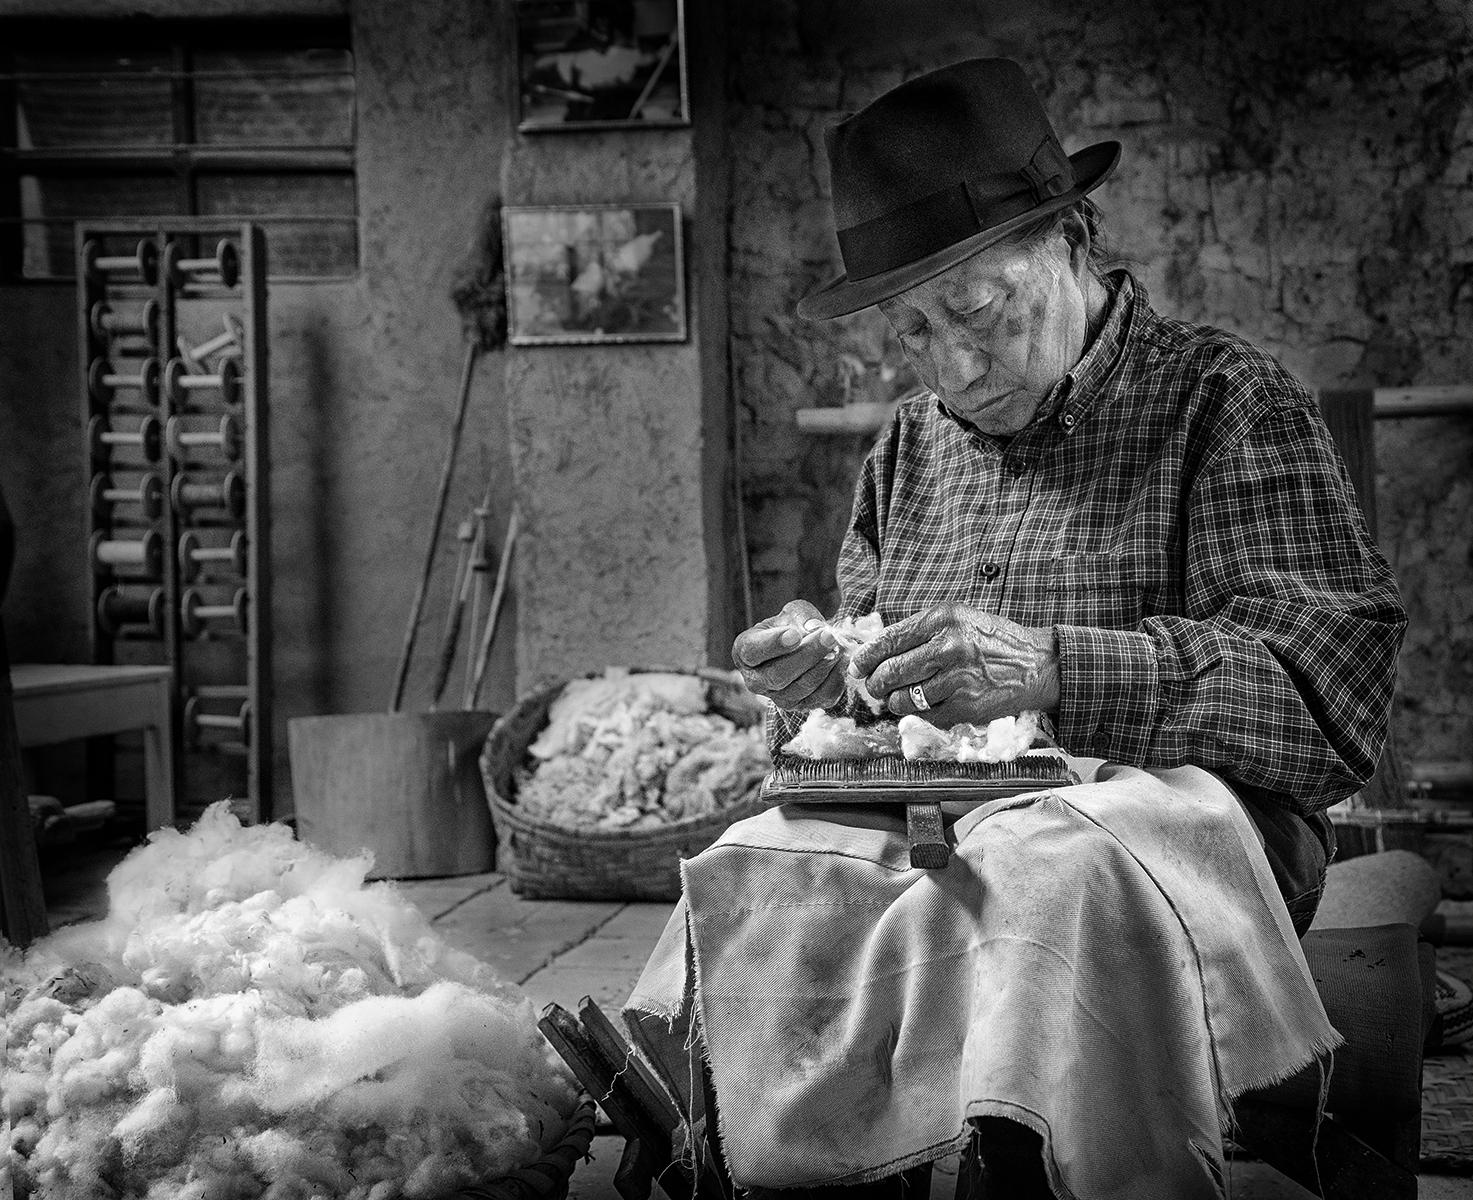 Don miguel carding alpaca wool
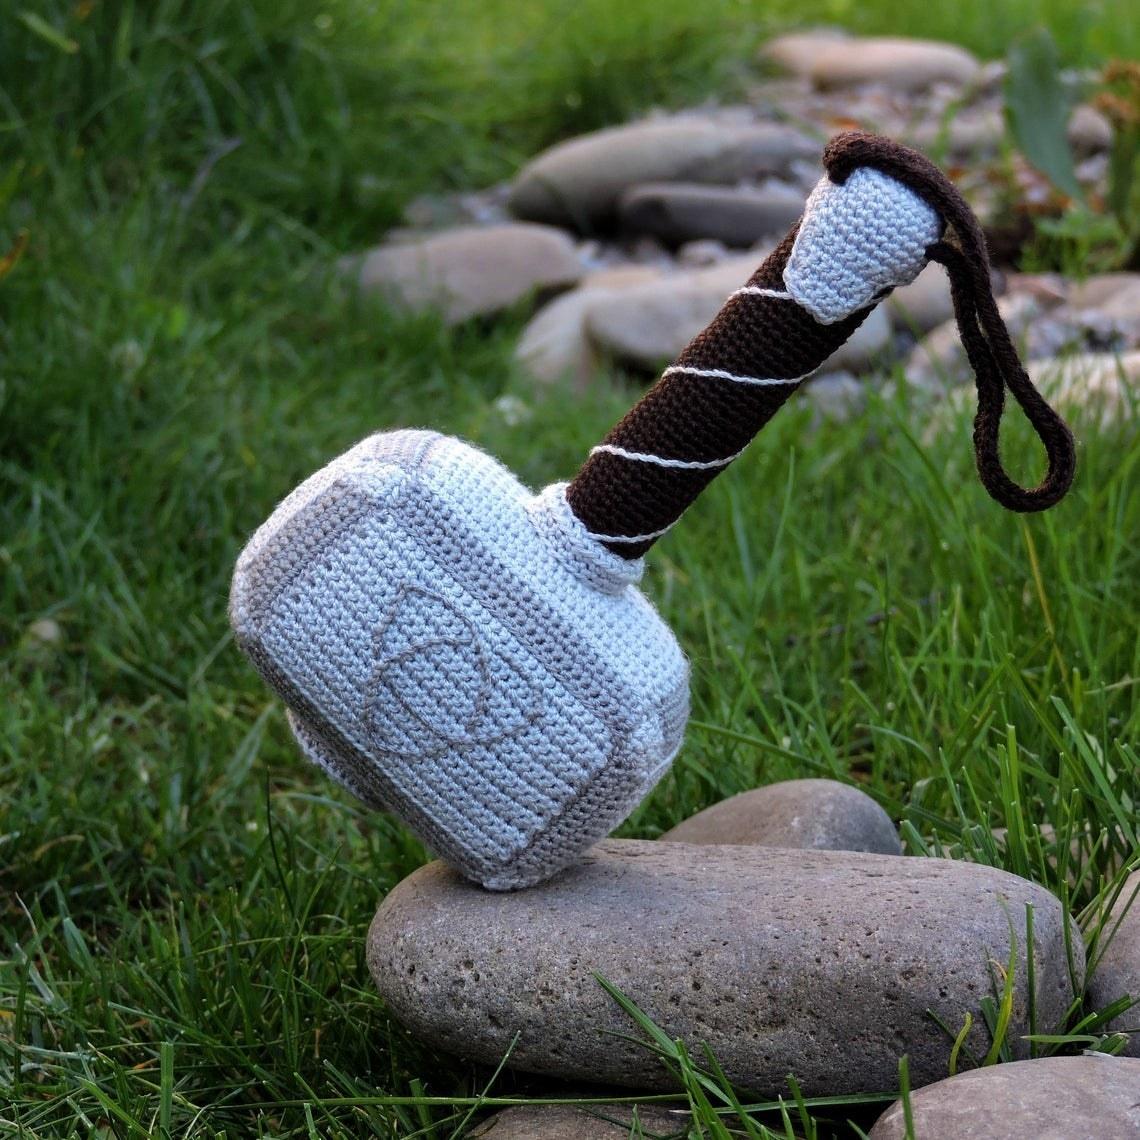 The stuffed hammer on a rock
-*-*-
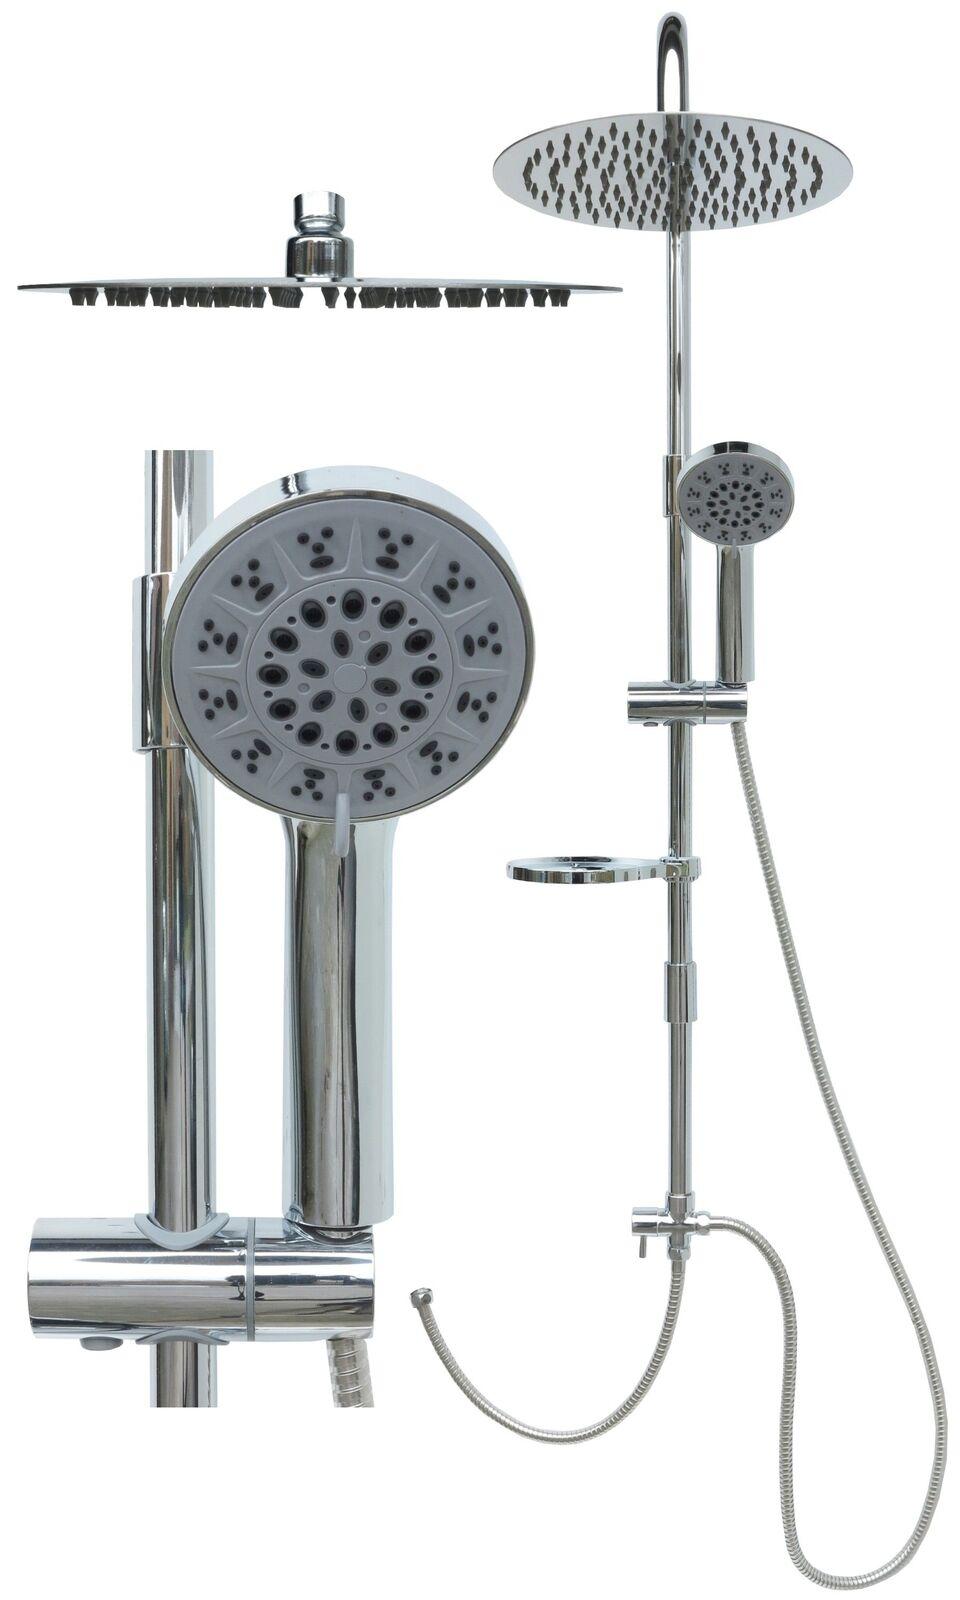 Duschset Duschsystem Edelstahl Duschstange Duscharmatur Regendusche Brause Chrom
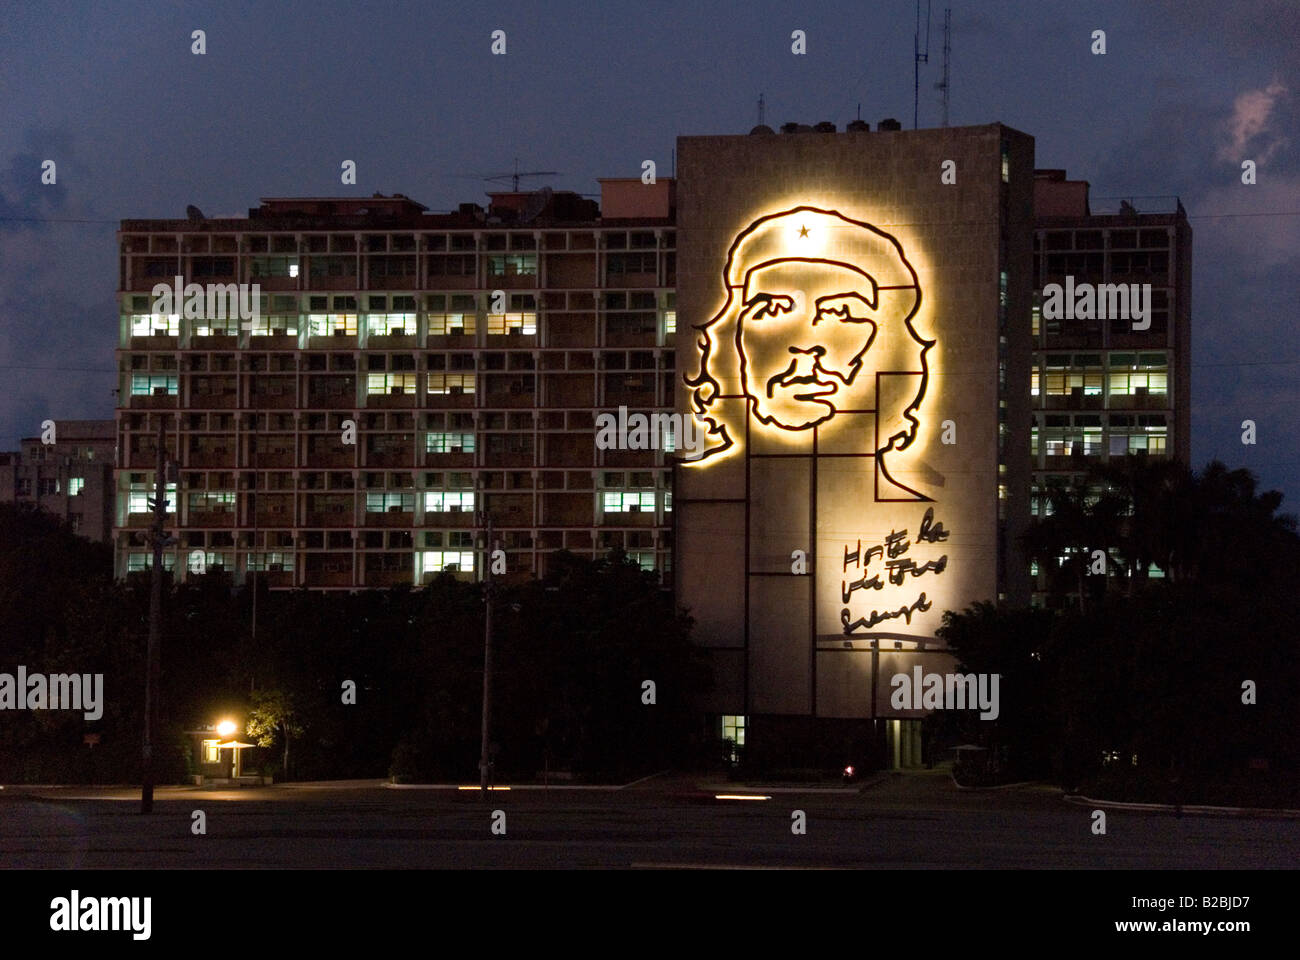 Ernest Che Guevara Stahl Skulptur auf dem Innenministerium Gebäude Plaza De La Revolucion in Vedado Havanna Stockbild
-*-*-
**WHAT NEEDS TO BE DONE**
Set the pictures aside and reproduce exactly the lines above, from the line holding "Duschset Duschsystem Edelstahl" through the line holding "Ernest Che Guevara", both included, with nothing else.

**PROBLEM SOLUTION**
 Duschset Duschsystem Edelstahl Duschstange Duscharmatur Regendusche Brause Chrom
 Ernest Che Guevara Stahl Skulptur auf dem Innenministerium Gebäude Plaza De La Revolucion in Vedado Havanna Stockbild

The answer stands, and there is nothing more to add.